Arab editor who called bin Laden only ‘half a terrorist’ quits

Israel- and US-bashing Abdel Bari Atwan ends 24-year career at helm of London’s Al-Quds Al-Arabi

Elhanan Miller is the former Arab affairs reporter for The Times of Israel

Al-Quds al-Arabi editor Abdel Bari Atwan (photo credit: screen capture/YouTube)
Al-Quds al-Arabi editor Abdel Bari Atwan (photo credit: screen capture/YouTube)

Abdel Bari Atwan, the controversial editor of the influential Palestinian-focused daily Al-Quds Al-Arabi who hailed the 9/11 attacks as heralding “the end of the US empire,” announced his retirement Wednesday. He said he wanted to write a new book in English and spend more time with family.

“Today I end my position as editor-in-chief of Al-Quds Al-Arabi, the newspaper I am proud to say waged fierce battles against occupations and foreign domination and corrupt oppressive dictatorships. It always stood on the side of the oppressed and downtrodden,” Atwan wrote in his parting op-ed.

A native of the Gaza Strip and a veteran Egypt-trained journalist, Atwan was appointed the first editor-in-chief of the London-based newspaper — founded by Palestinian expatriates — in 1989. In his brash and self-confident style, Atwan quickly gained fame and notoriety for anti-Israeli and anti-Western comments.

With its Arab nationalist tint, Al-Quds Al-Arabi under Atwan became the most dominant anti-monarchic voice in Arab press, serving as a significant counterbalance to large Saudi-funded Arab newspapers such as A-Sharq Al-Awsat and Al-Hayat, which are also based in London. The Arab Spring, at first celebrated by Atwan as a pinnacle of Arab awakening, was soon viewed more sourly as Islamist forces gained dominance and the region plunged into deep violence.

In March 2008, Atwan was quoted justifying a terrorist assault by a Palestinian gunman on Jerusalem’s Merkaz Harav Yeshiva in which eight students were killed, since the religious seminary was responsible for “hatching Israeli extremists and fundamentalists.” During a TV interview last month, he said he considered Al-Qaeda mastermind Osama bin Laden only “half a terrorist” due to his positive engagement with US forces in Afghanistan. Atwan was also famously quoted as saying that he would dance in Trafalgar Square if Iranian missiles were to hit Israel.

In 1996, Atwan became the first and only Arab journalist to interview bin Laden, who was hiding in Afghanistan; Atwan later recounted the meeting in a 2006 book The Secret History of Al-Qa’ida. On the fifth anniversary of the 9/11 attacks, he wrote that the worst terrorist attacks in US history will be remembered as the end of the US empire, since “all empires collapse when they pursue the arrogance of power.”

Such comments have helped Atwan garner extreme popularity on the Arab street; he boasts a Twitter account with nearly 180,000 followers.

“I cried like a baby over your resignation.

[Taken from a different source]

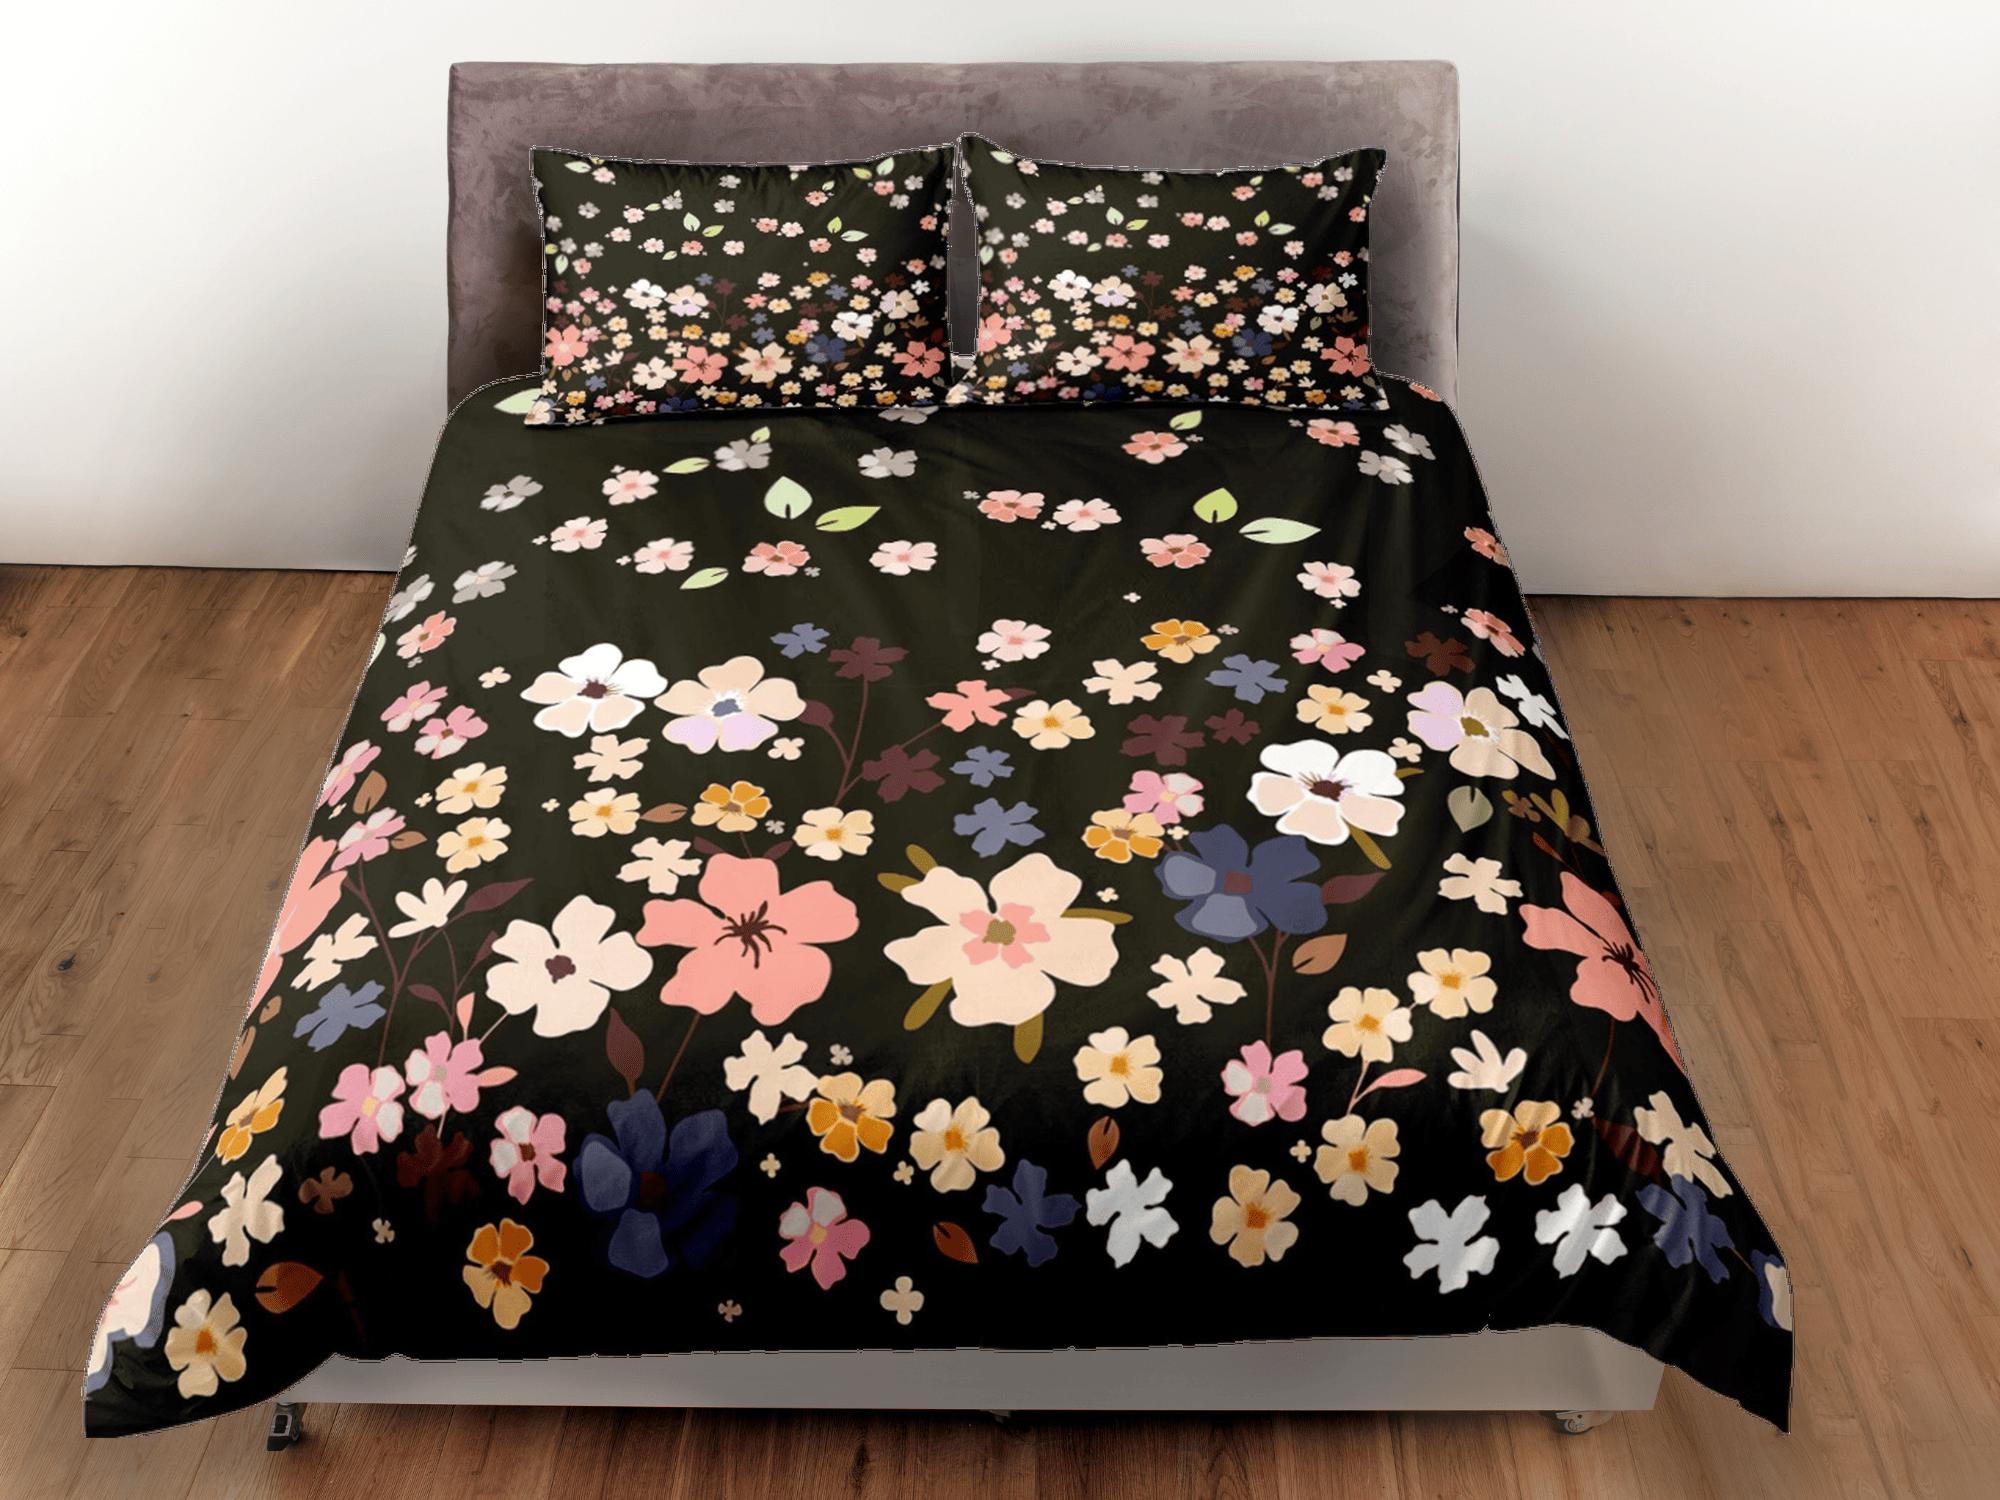 daintyduvet Dainty floral bedding, black bohemian duvet cover queen, king, boho duvet, designer bedding, aesthetic bedding, maximalist full size bedding

You are the spiritual father of national and pan-Arab journalism,” wrote one Twitter follower Wednesday.

“If truth could be embodied it would be you,” wrote another admirer. “[You represent] a neutral opinion, even if it goes against what I believe. As Arabs, we are proud to count you among us.”

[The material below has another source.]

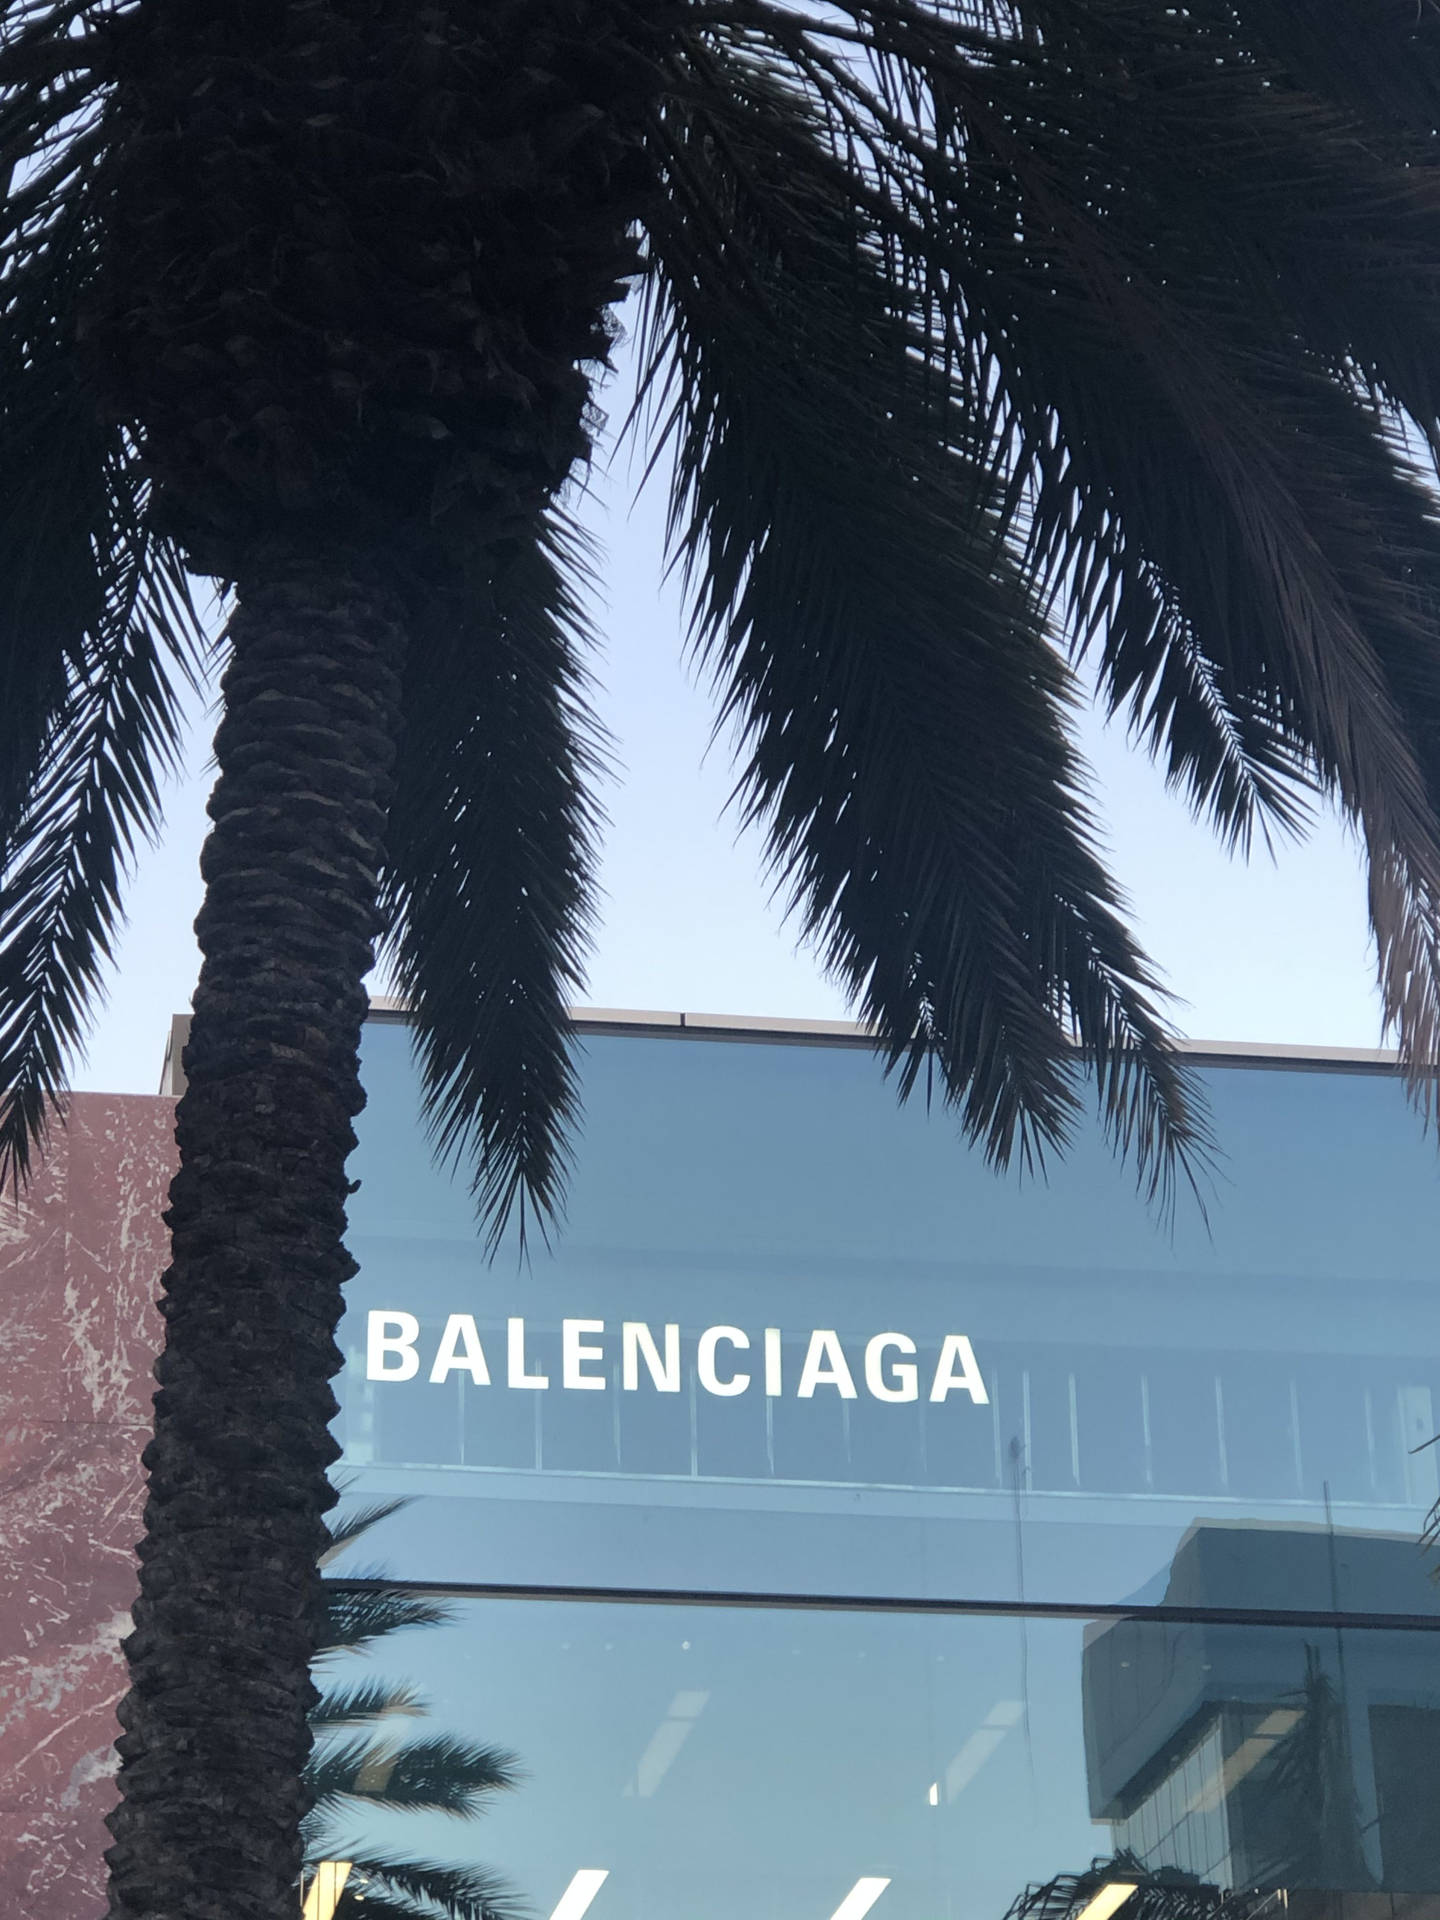 Balenciaga Office Building

Atwan, who has said he is banned from visiting the US, promised his fans he would continue producing a daily opinion piece on his Facebook page.

“I have received death threats from Arab and Western and Israeli police states, and waged a fierce battle against supporters of the Zionist lobby in Europe and the US, before the US prevented me from visiting it. They all have tried and continue to try to defame me and silence my voice,” Atwan wrote in his op-ed Wednesday.

“One of the Israeli press attaches even boasted once in an interview with the British Jewish newspaper Jewish Chronicle that one of his main achievements in London was reducing my appearances on famous channels such as CNN, BBC and Sky News as an expert on Middle Eastern affairs. This is the highest and only badge of honor I received in my life.”